全国革新懇は22日、東京都内で代表世話人会を開催しました。新型コロナウイルス感染症が問う課題や、国会論戦、沖縄県議選、都知事選や総選挙に向けた市民と野党の共闘の発展などについて意見交換し、全国革新懇40周年企画や来年開催予定の全国交流会について討議しました。日本共産党の志位和夫委員長と小池晃書記局長が参加しました。

 情勢をめぐり、全国民がコロナ危機を体験し「一過性でない深い変化が起きている」として、検察庁法改定の策動や辺野古新基地建設の強行など「火事場泥棒」の安倍政権に怒りが広がり、従来の政治的無関心層も含めて政治の矛盾に声をあげ始めていると指摘されました。世界でも植民地主義や奴隷制への歴史的な怒りが広がり、「私たちは新しい歴史の扉を開く岐路に立っている。危機の中でも未来がある」と強調されました。

 参加者から、「コロナ危機は新自由主義の破綻を可視化した」との指摘があり、現都知事の「自粛から自衛」との発言について「新自由主義のコロナ版であり、破綻を示すものだ」と批判が上がりました。

 国会論戦については、PCR検査の拡大や家賃支援への踏み出しなど「かつてないほど政治を前に進めた」と語られました。

 都知事選は、現都政のコロナ対策を正面から問うことが重要だと述べられ、「現都知事は自身の政治的思惑を感染対策に優先させている」と強調。

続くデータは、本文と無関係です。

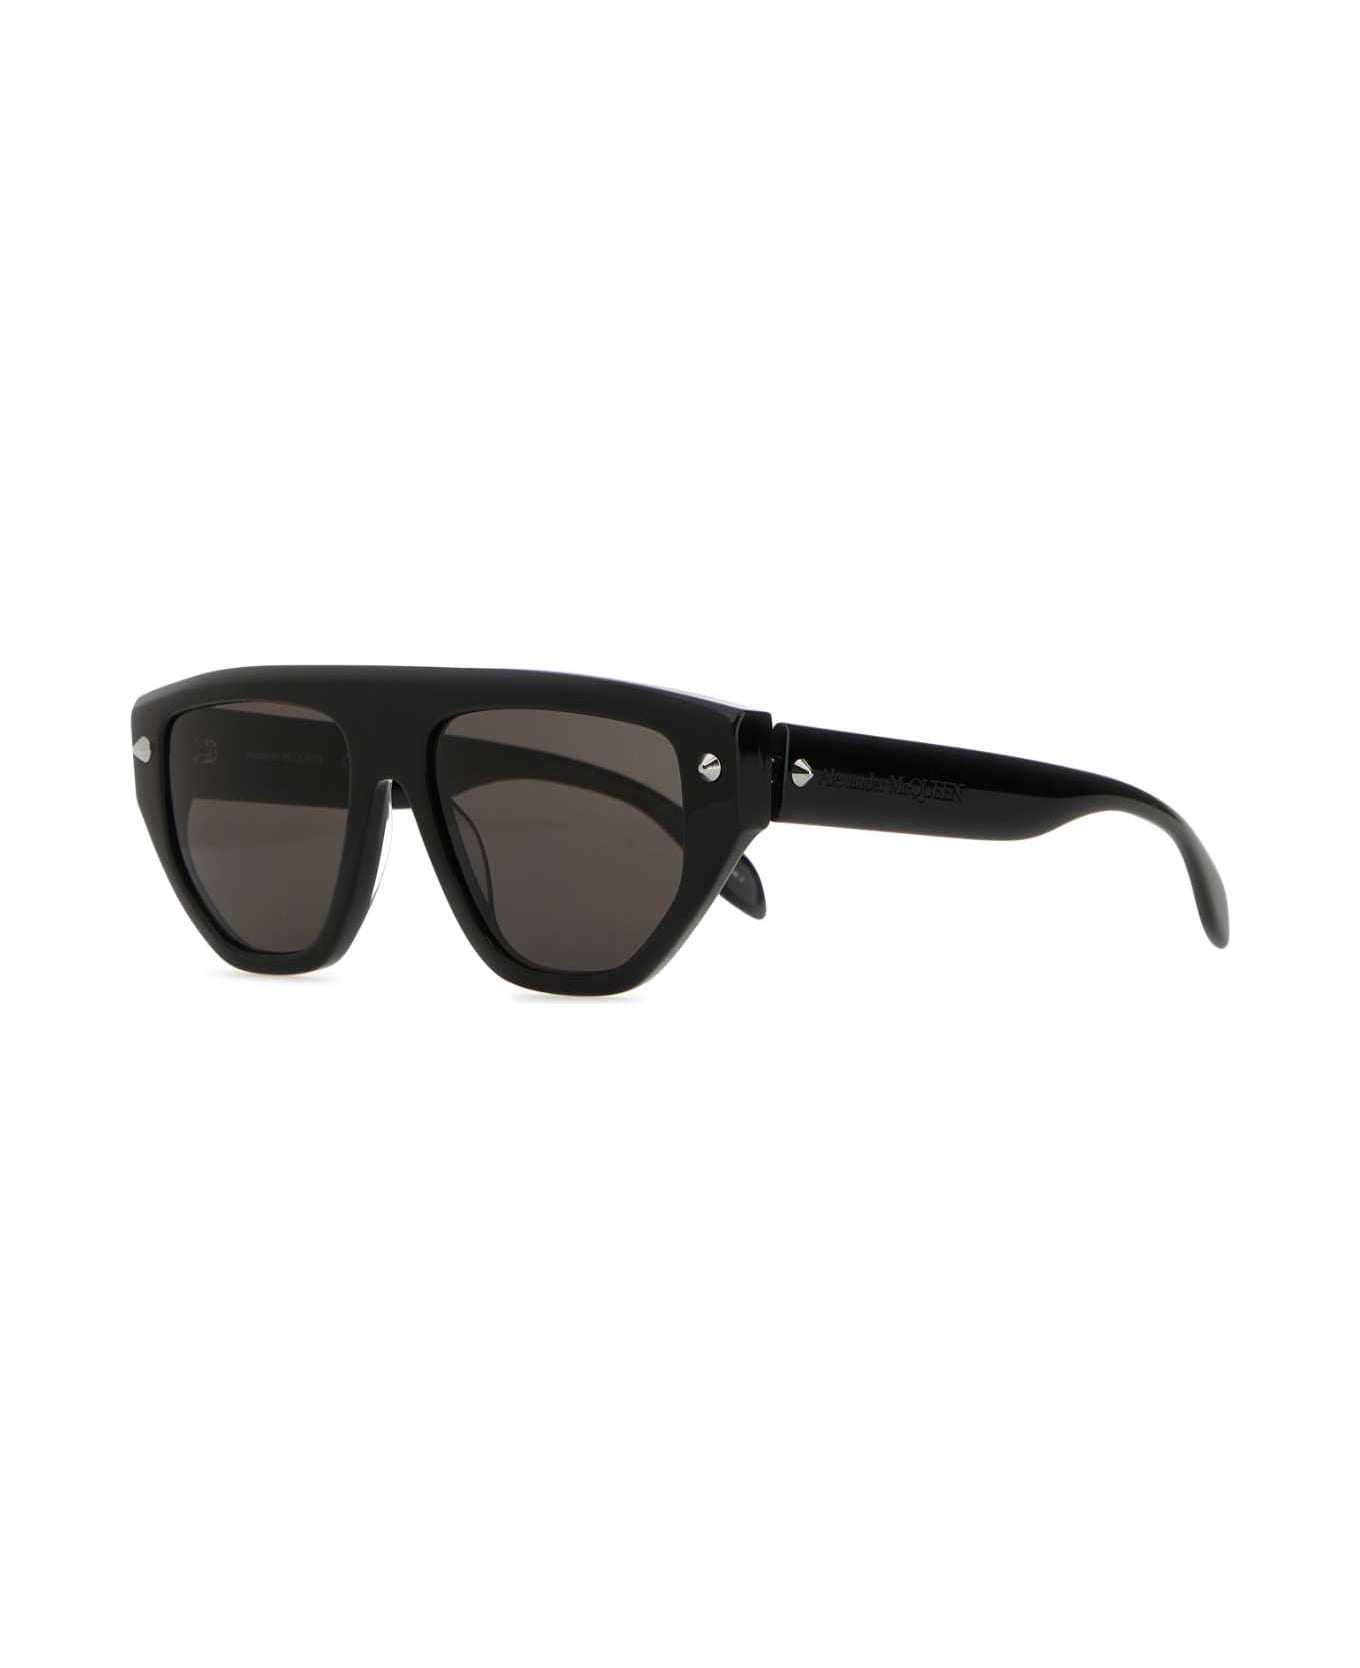 Alexander McQueen Black Acetate Sunglasses - BLACK-BLACK-SMOKE サングラス

宇都宮けんじ候補の街頭宣伝には多くの人が集まり熱気に包まれ、地域革新懇運動が土台となって短期間でたたかう体制がつくられていると報告されました。

 沖縄からは、7日投票の県議選で米軍辺野古新基地建設よりもコロナ対策だと訴え、日本共産党が初めて7議席獲得し「オール沖縄」勢力の議席が過半数を得たことは大事だと報告されました。

 コロナ禍でDVなど女性への暴力が深刻化し、ジェンダー平等をめざす取り組みの強化が求められました。

 各分野の代表は、「経営危機の波の本番はこれからだ」(全商連)、「雇用の維持が重要だ。最低賃金の底上げを求めていく」(全労連)、「安倍政権が農業を壊してきた責任が問われている」(農民連)、「配布した50人分の米がすぐになくなるなど学生の生活は深刻だ」(民青)、「『集まり』ができない中でも声をあげて自治体を動かした」(新婦人)など、活発に意見交換を行いました。